PROBLEM DETAILS:
Exact transcription, pictures omitted: begin at the top line of the records below and end with the line bearing "A MAKITA CORDLESS".

BEGIN RECORD SET

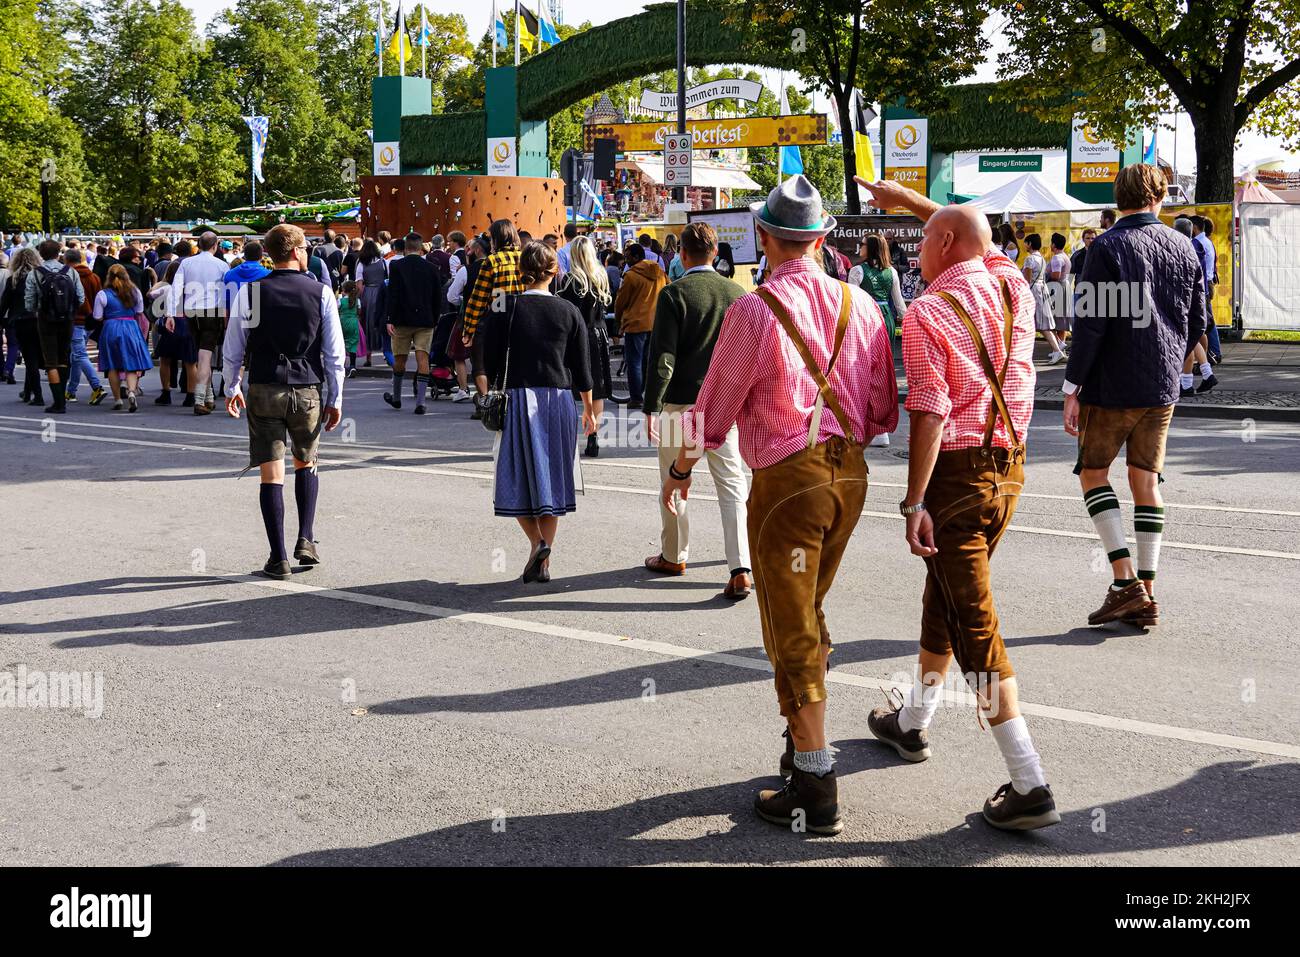 People on their way to the main entrance of the Oktoberfest festival grounds at Theresienwiese. Stock Photo
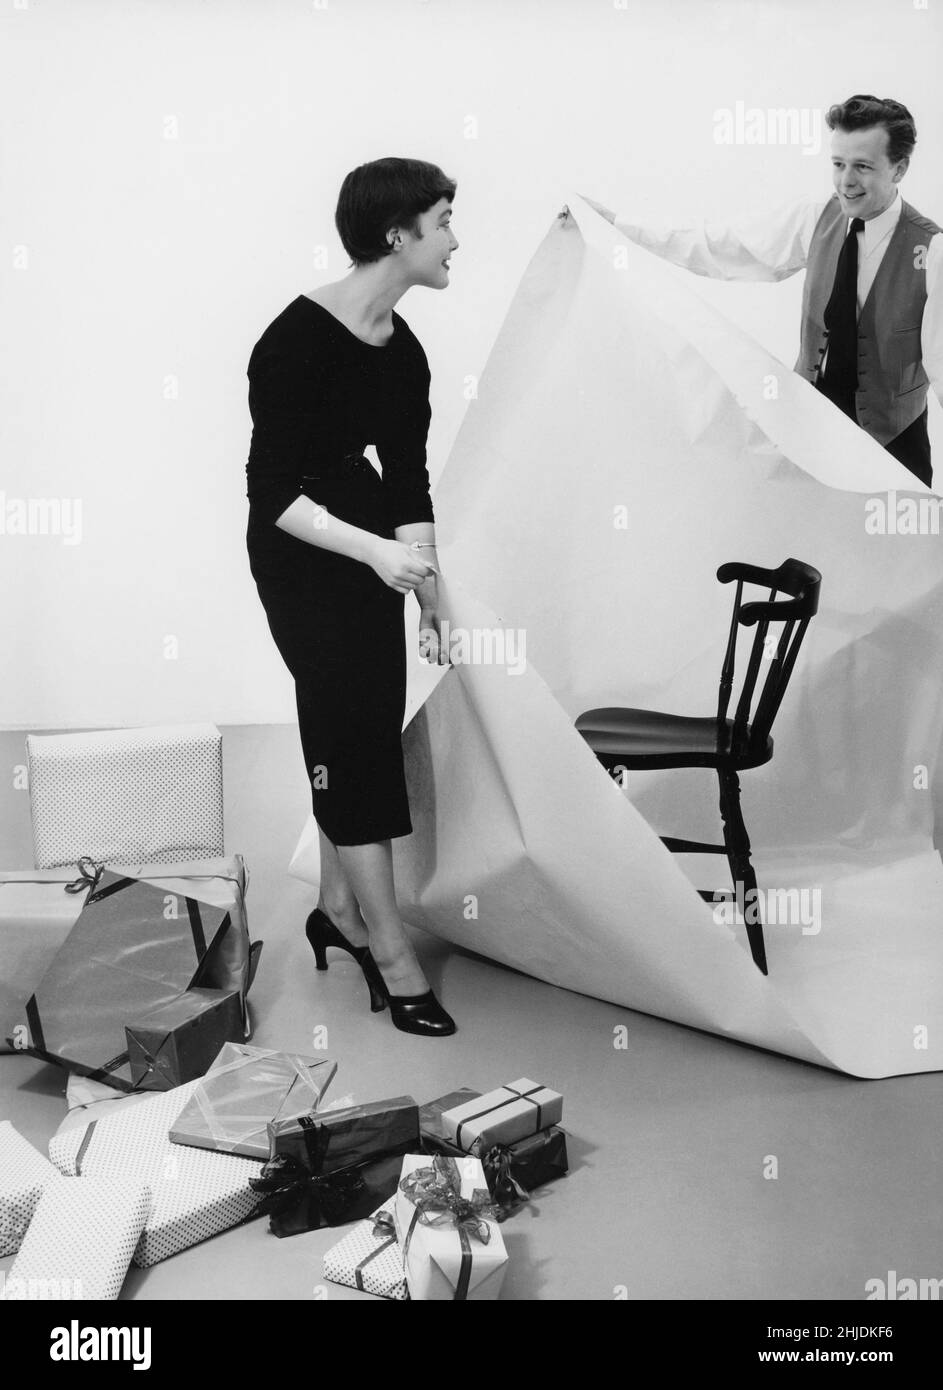 Christmas in the 1950s. A couple with christmas gifts visible tries their best at wrapping a chair in paper. 1953 Stock Photo
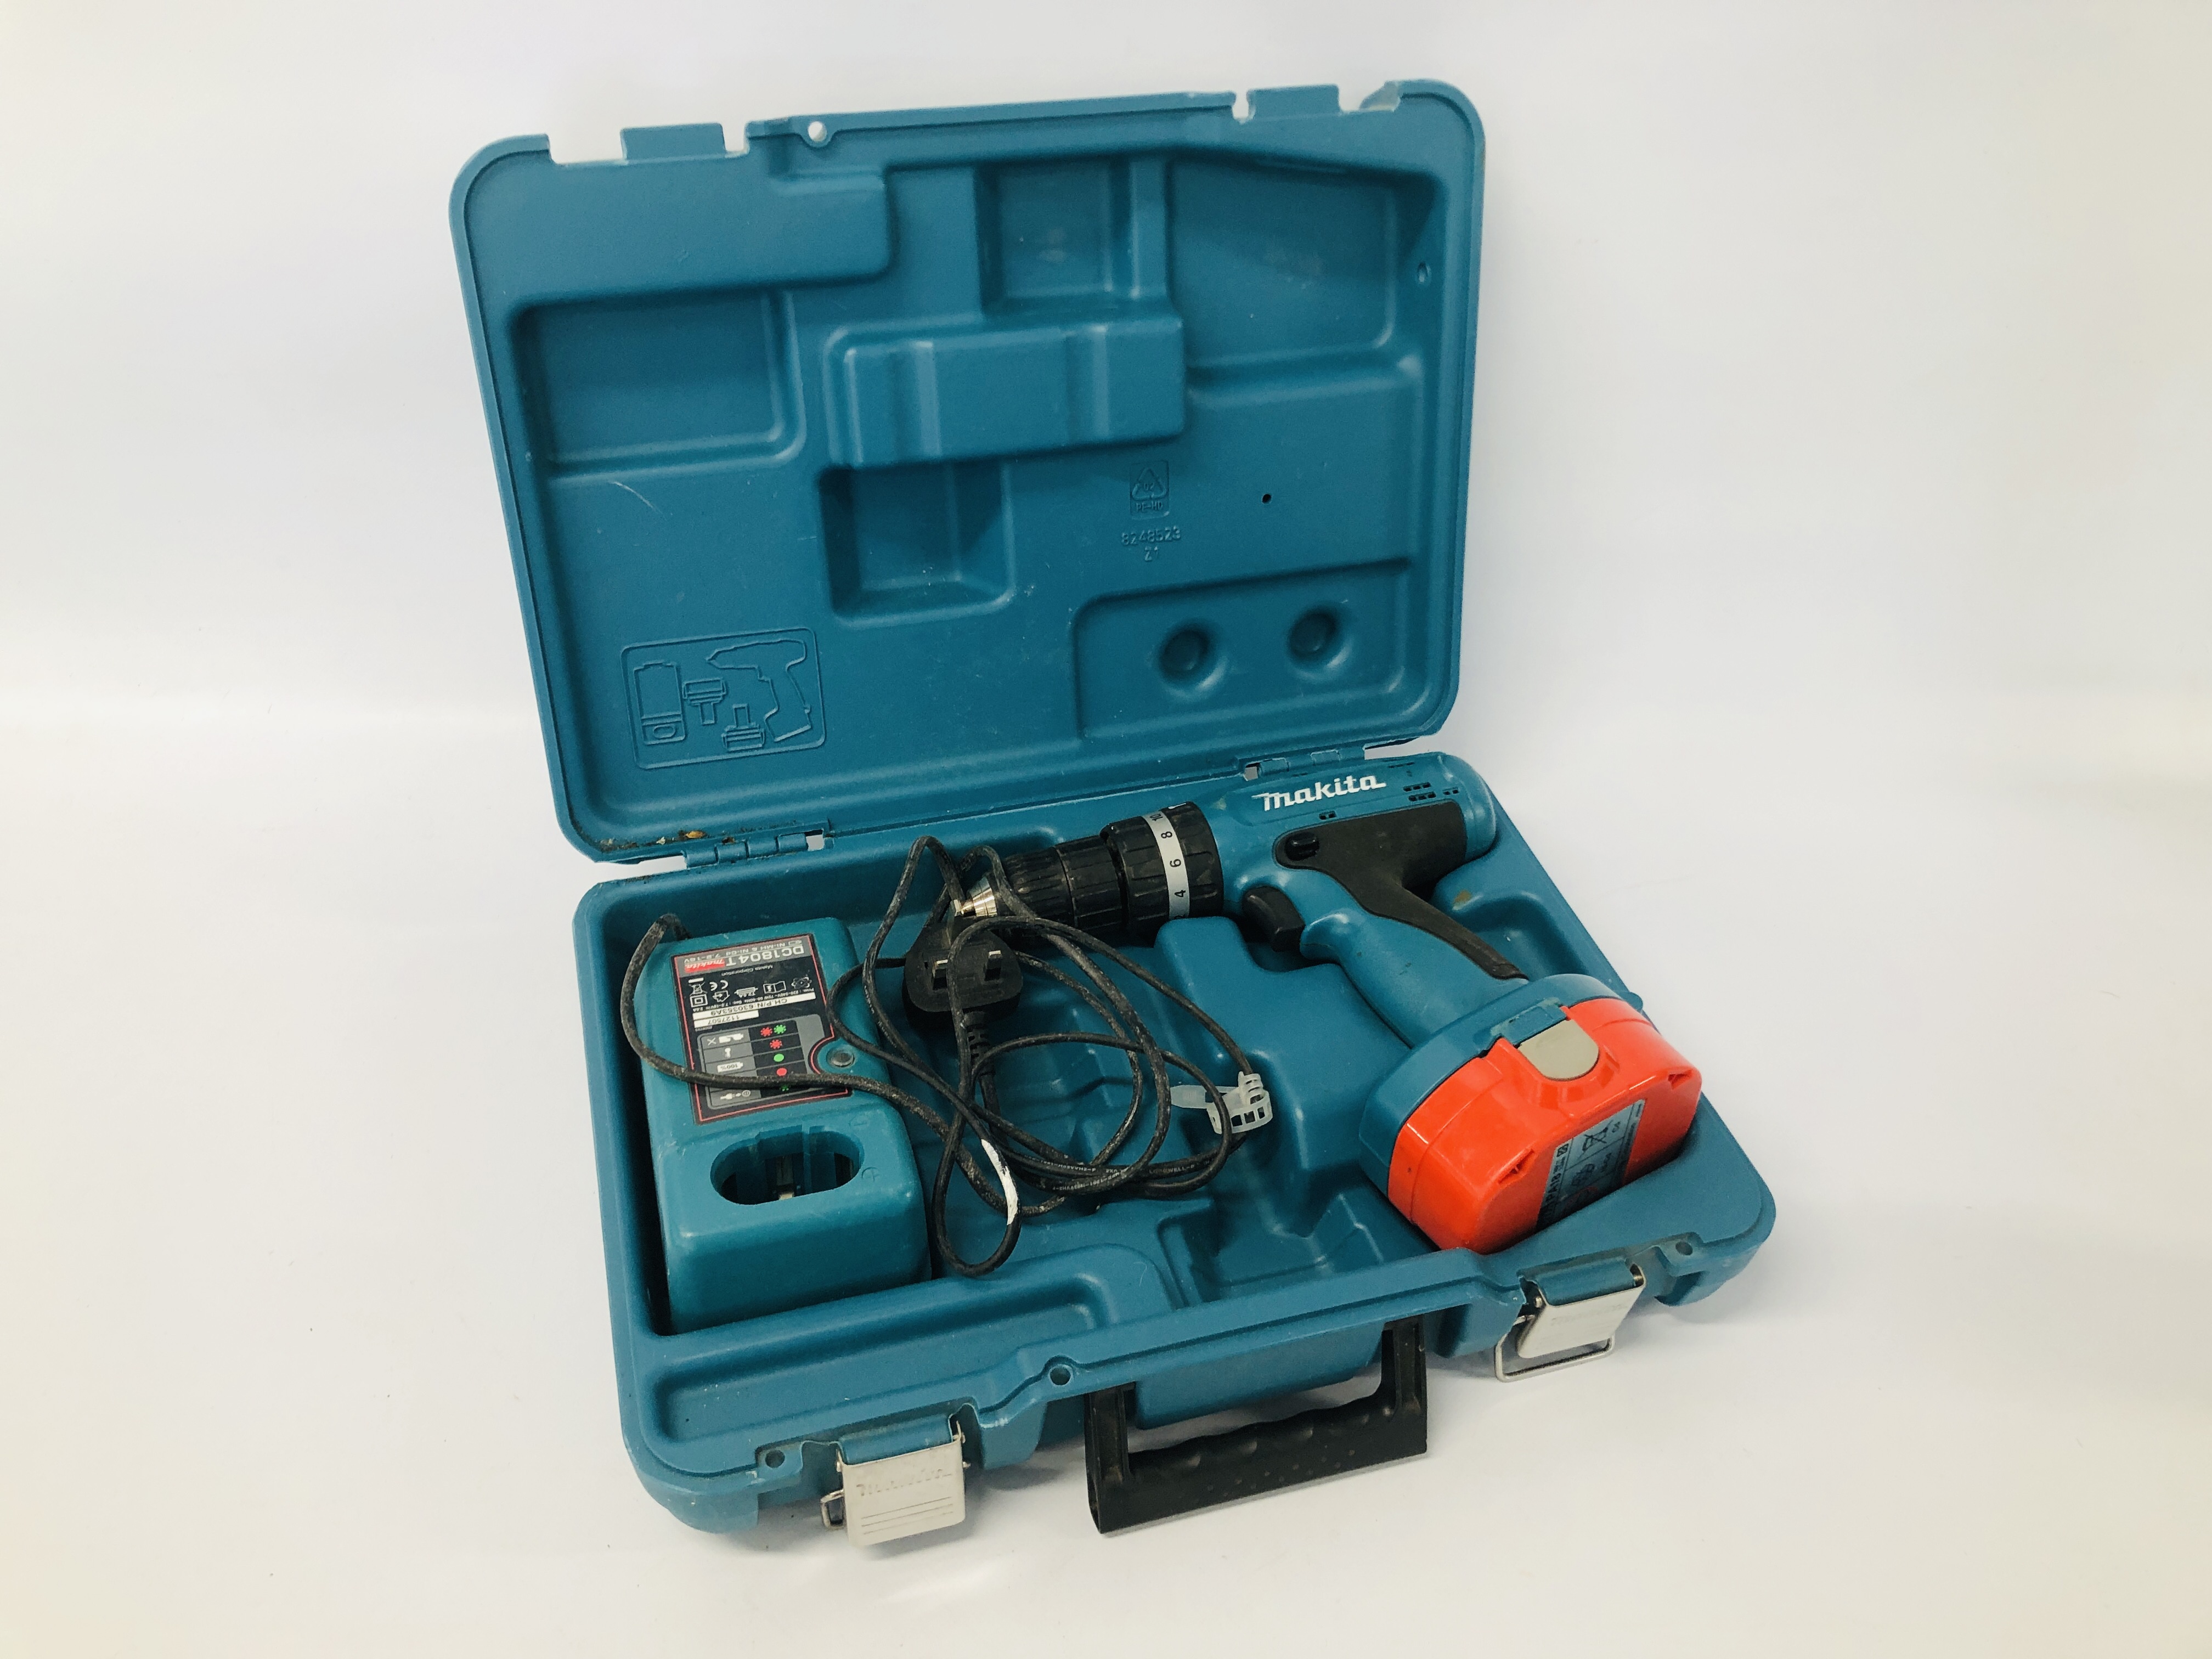 A MAKITA CORDLESS DRILL IN CARRY CASE COMPLETE WITH ONE BATTERY AND CHARGER - SOLD AS SEEN
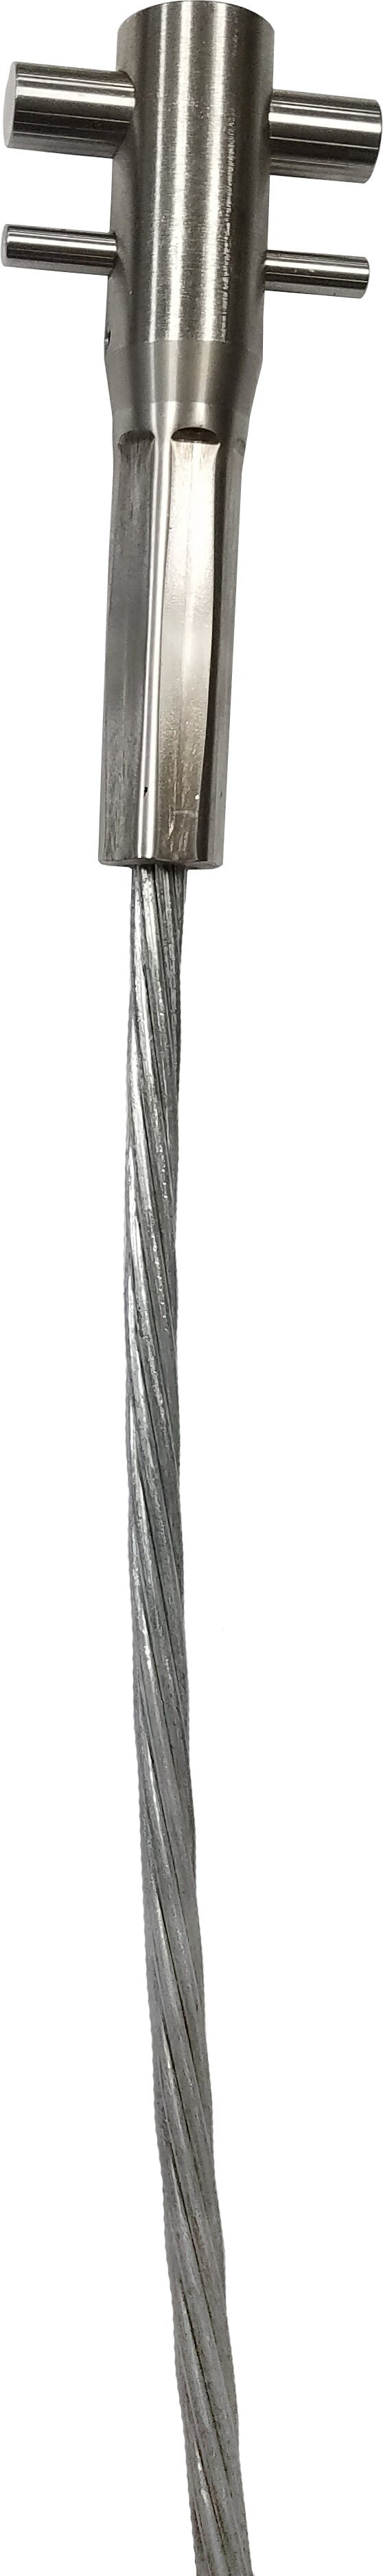 3M™ DBI-SALA® Lad-Saf™ Swaged Cable 6115013, 3/8 Inch, Stainless Steel, 6m_0
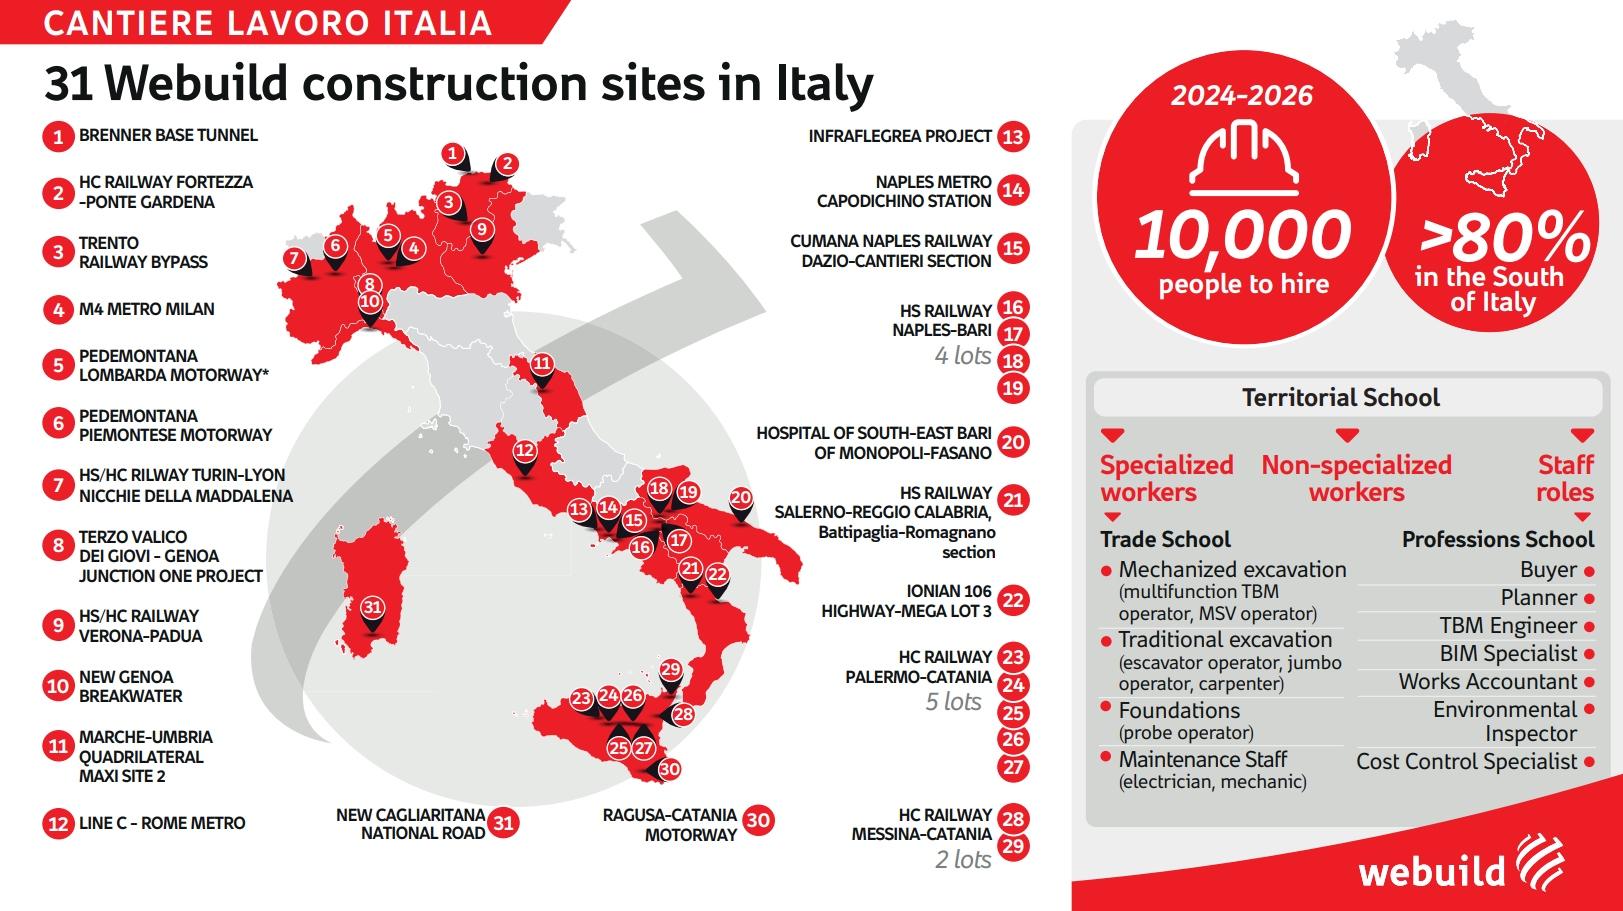 Think big, CANTIERE LAVORO ITALIA. 31 Webuild construction sites in Italy

END RECORD SET

RESULT OF THE EXERCISE:
 People on their way to the main entrance of the Oktoberfest festival grounds at Theresienwiese. Stock Photo
 Christmas in the 1950s. A couple with christmas gifts visible tries their best at wrapping a chair in paper. 1953 Stock Photo
 A MAKITA CORDLESS DRILL IN CARRY CASE COMPLETE WITH ONE BATTERY AND CHARGER - SOLD AS SEEN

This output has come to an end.